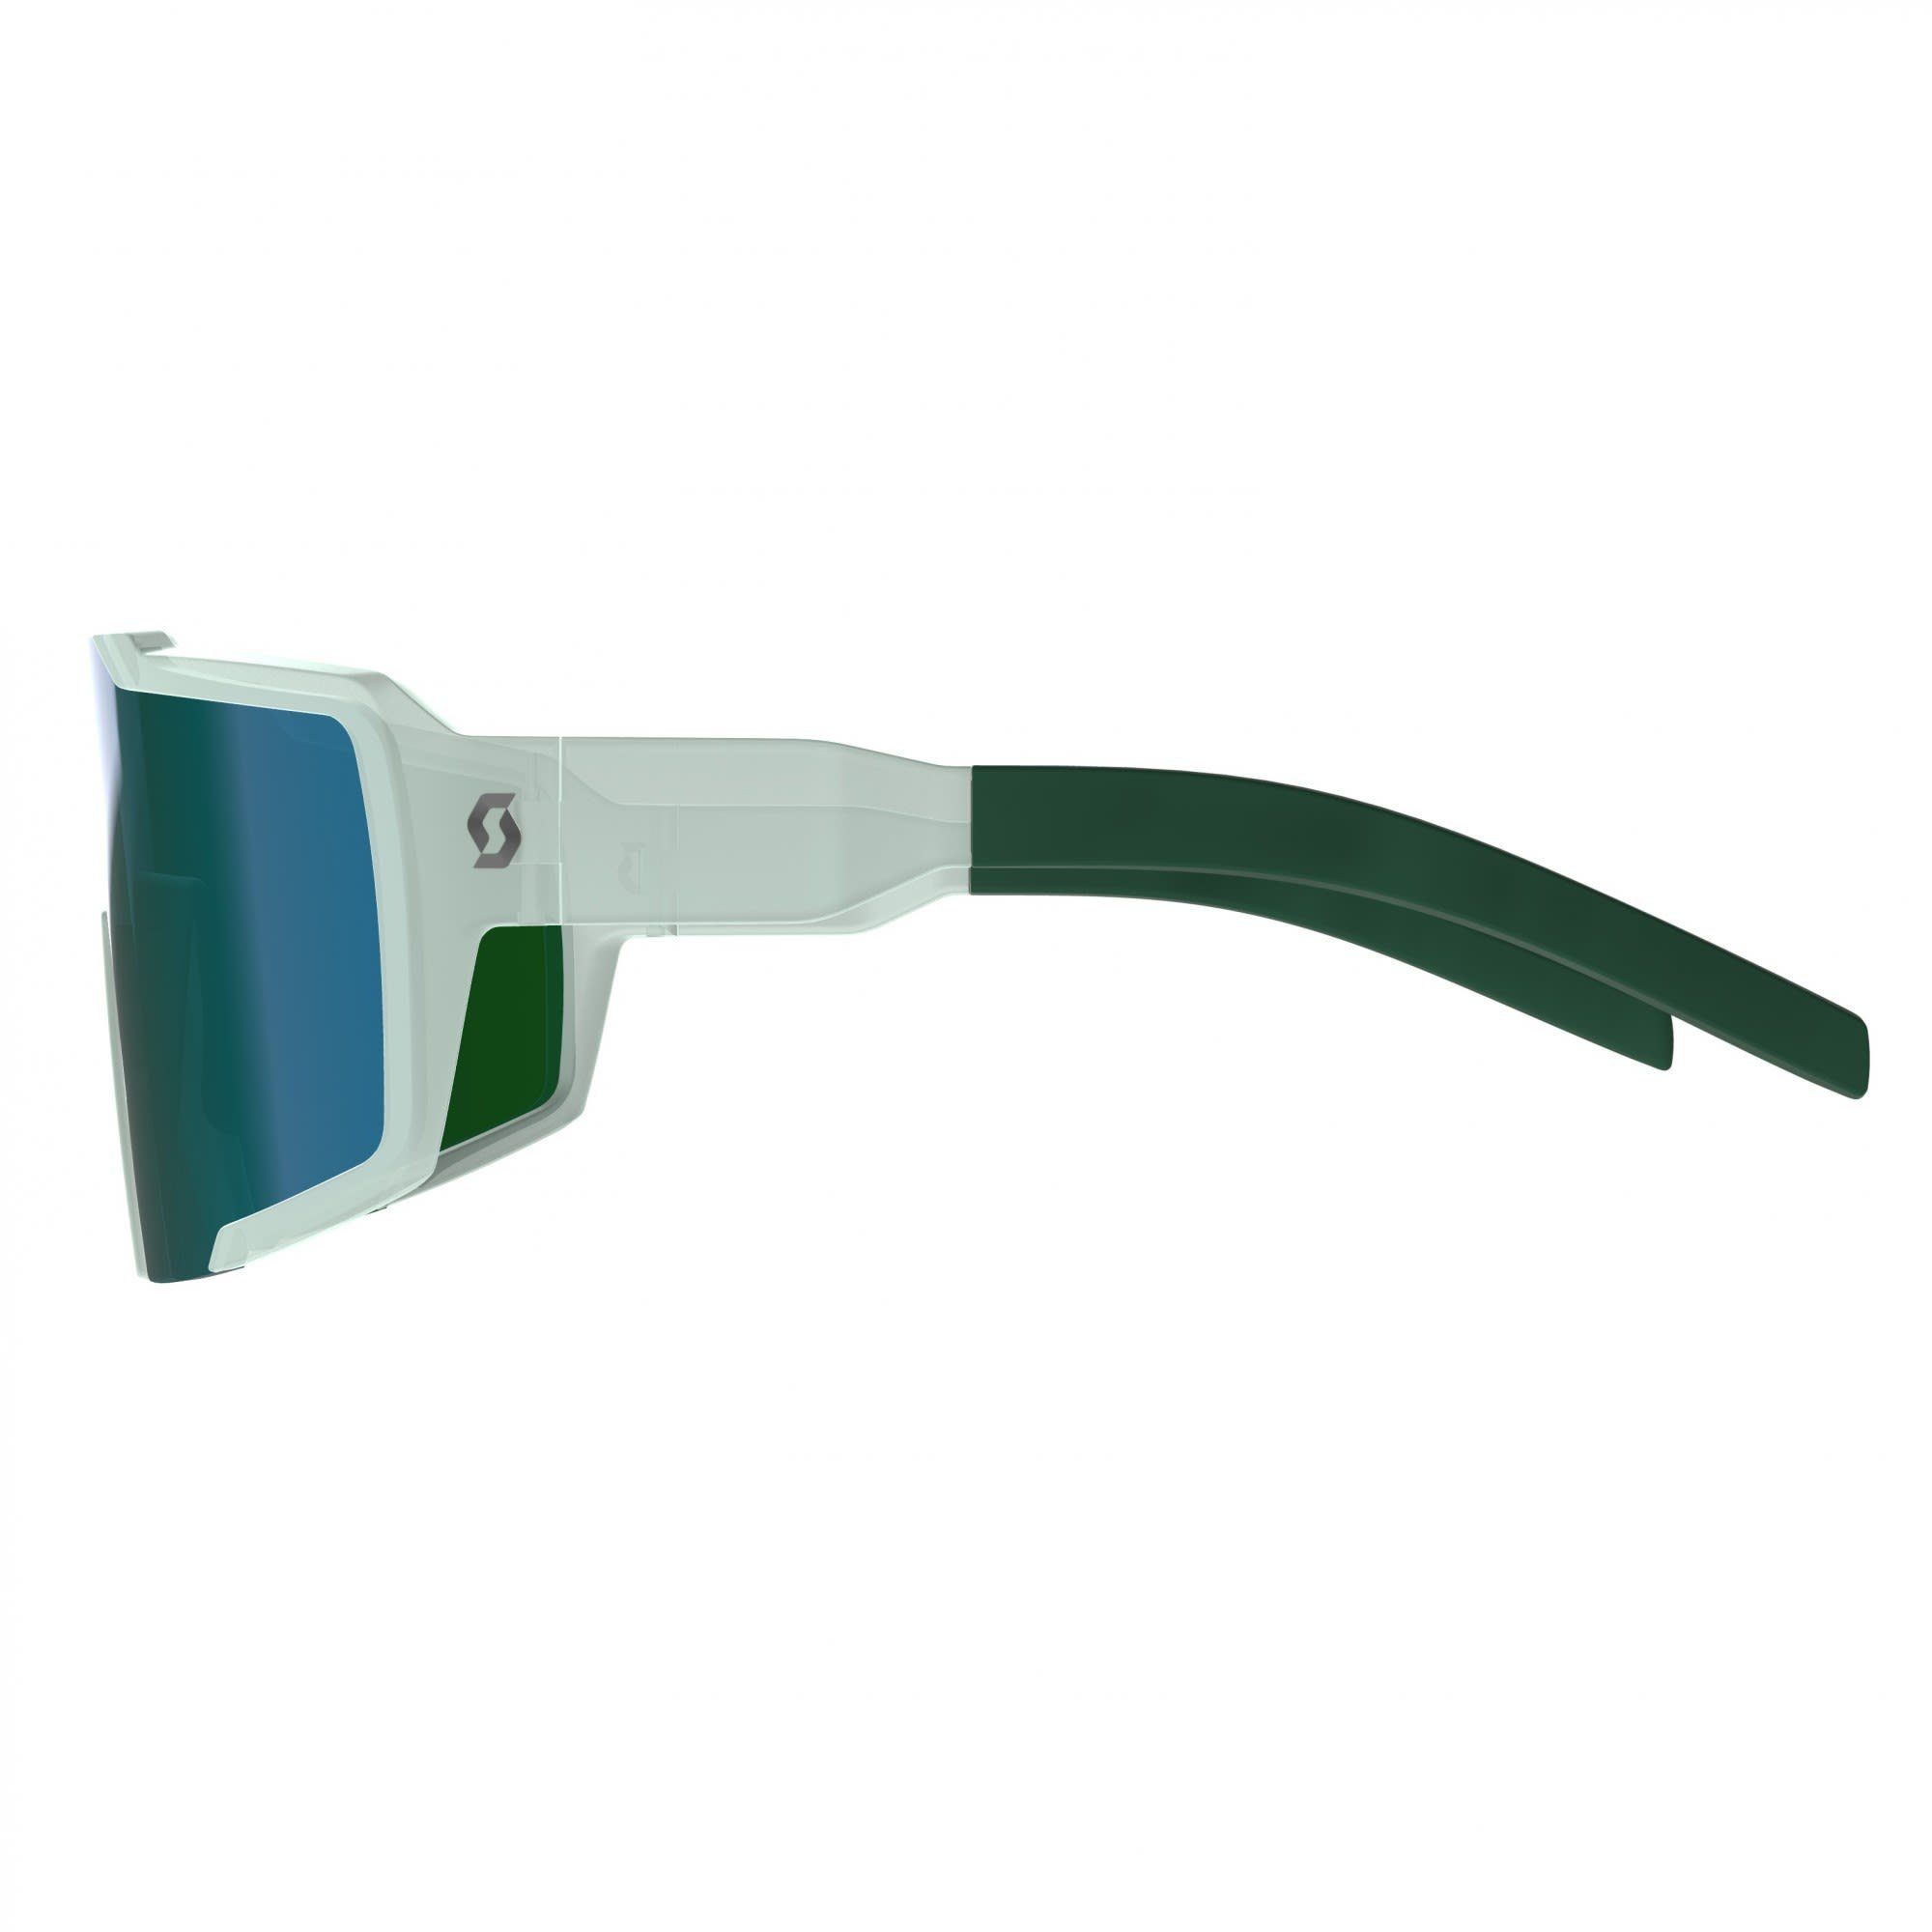 Scott Fahrradbrille Green Chrome Accessoires Mineral Scott Shield Blue - Sunglasses
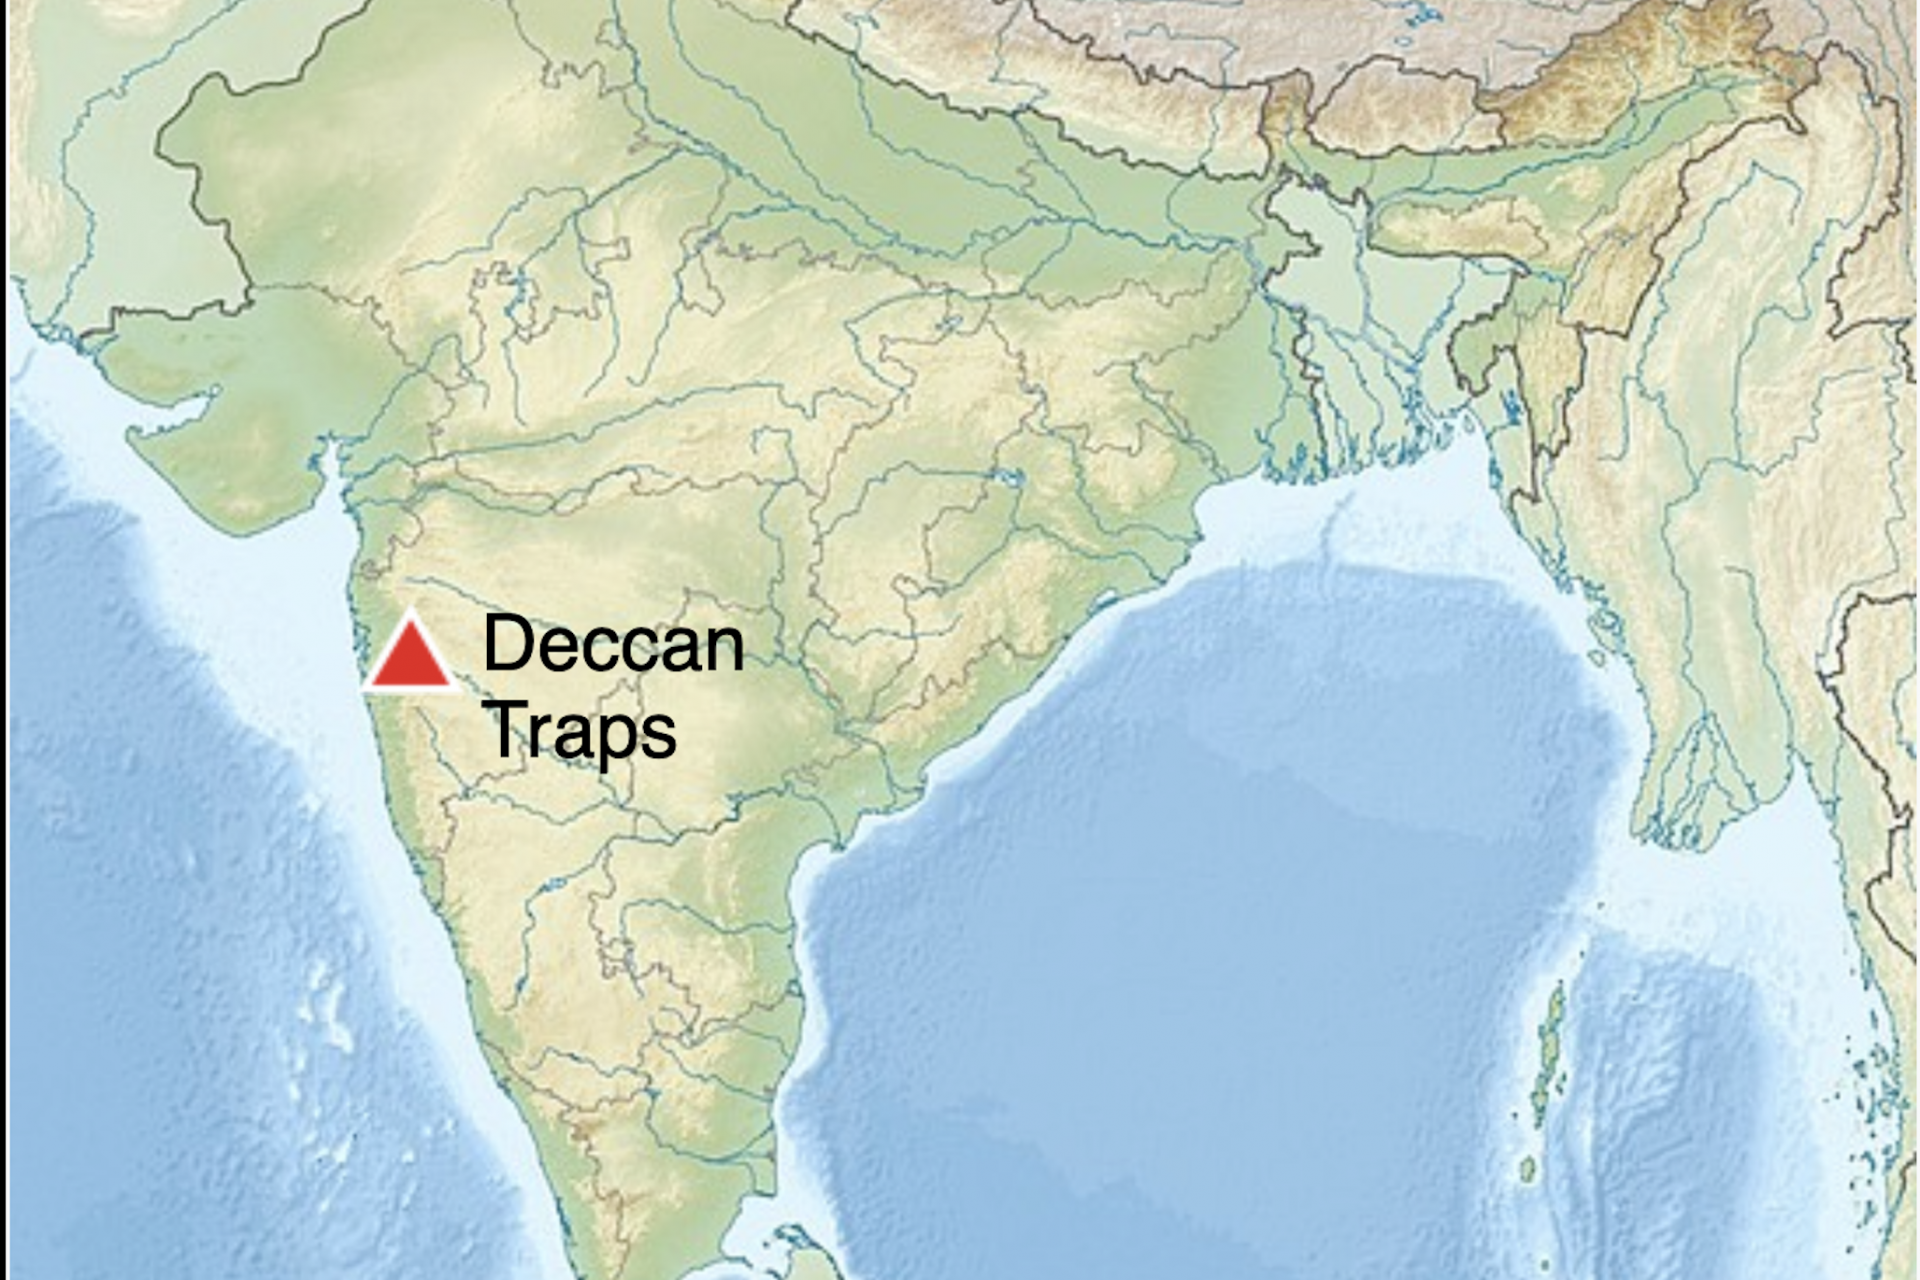 What are the Deccan Traps?
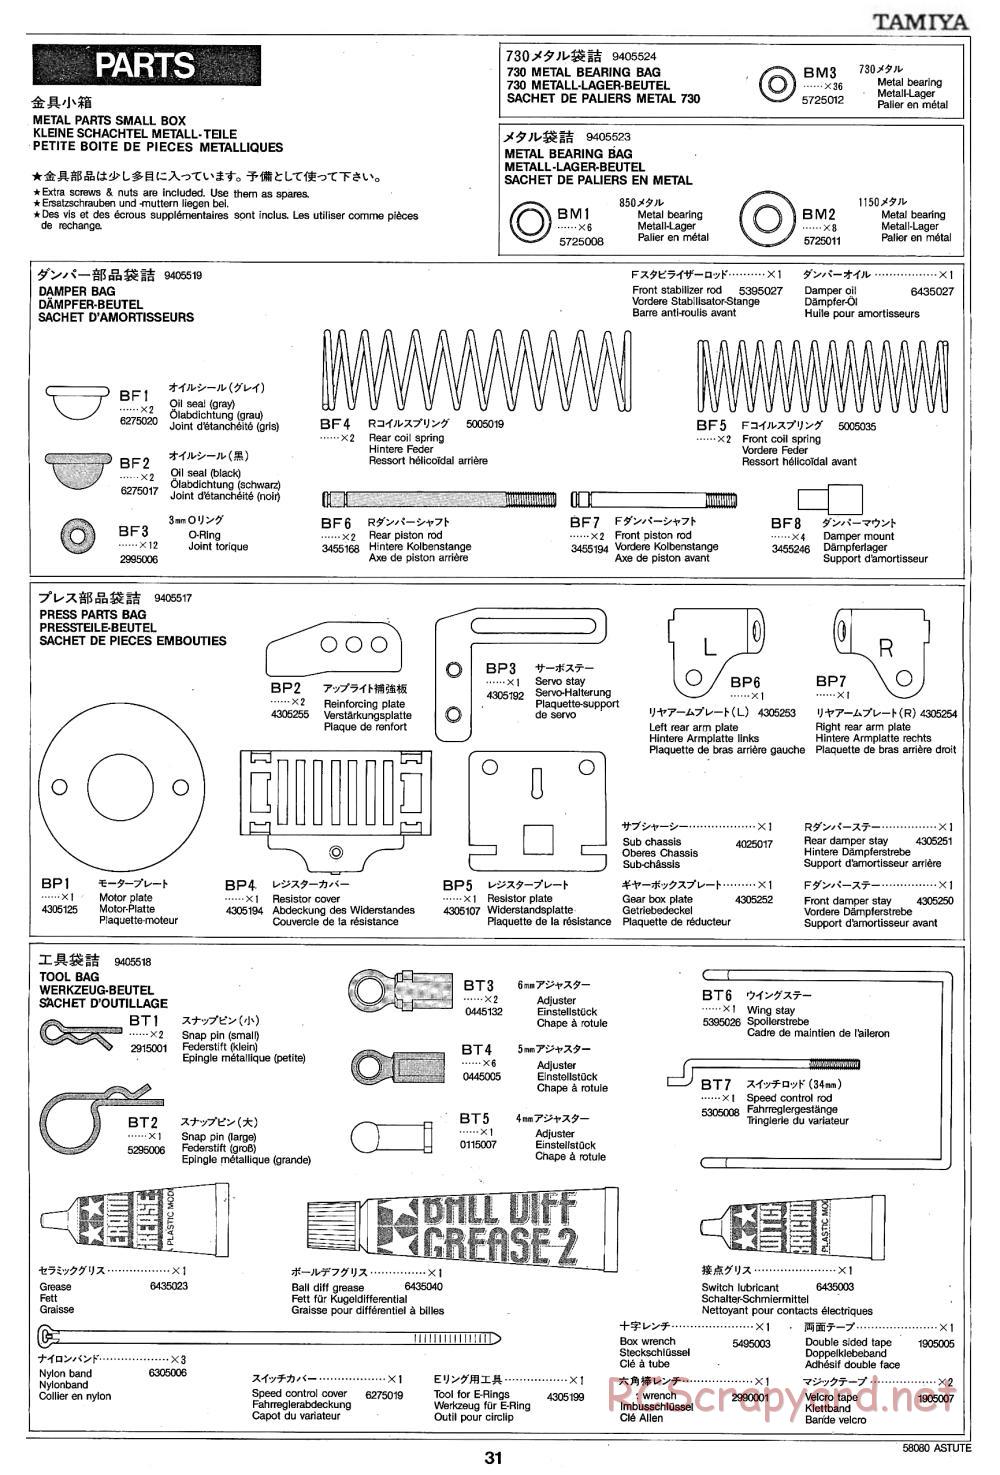 Tamiya - Astute - 58080 - Manual - Page 31

Try it: Output the full listing above exactly, excluding all pictures.

Answer below:
 Scott Fahrradbrille Green Chrome Accessoires Mineral Scott Shield Blue - Sunglasses
 What are the Deccan Traps?
 Tamiya - Astute - 58080 - Manual - Page 31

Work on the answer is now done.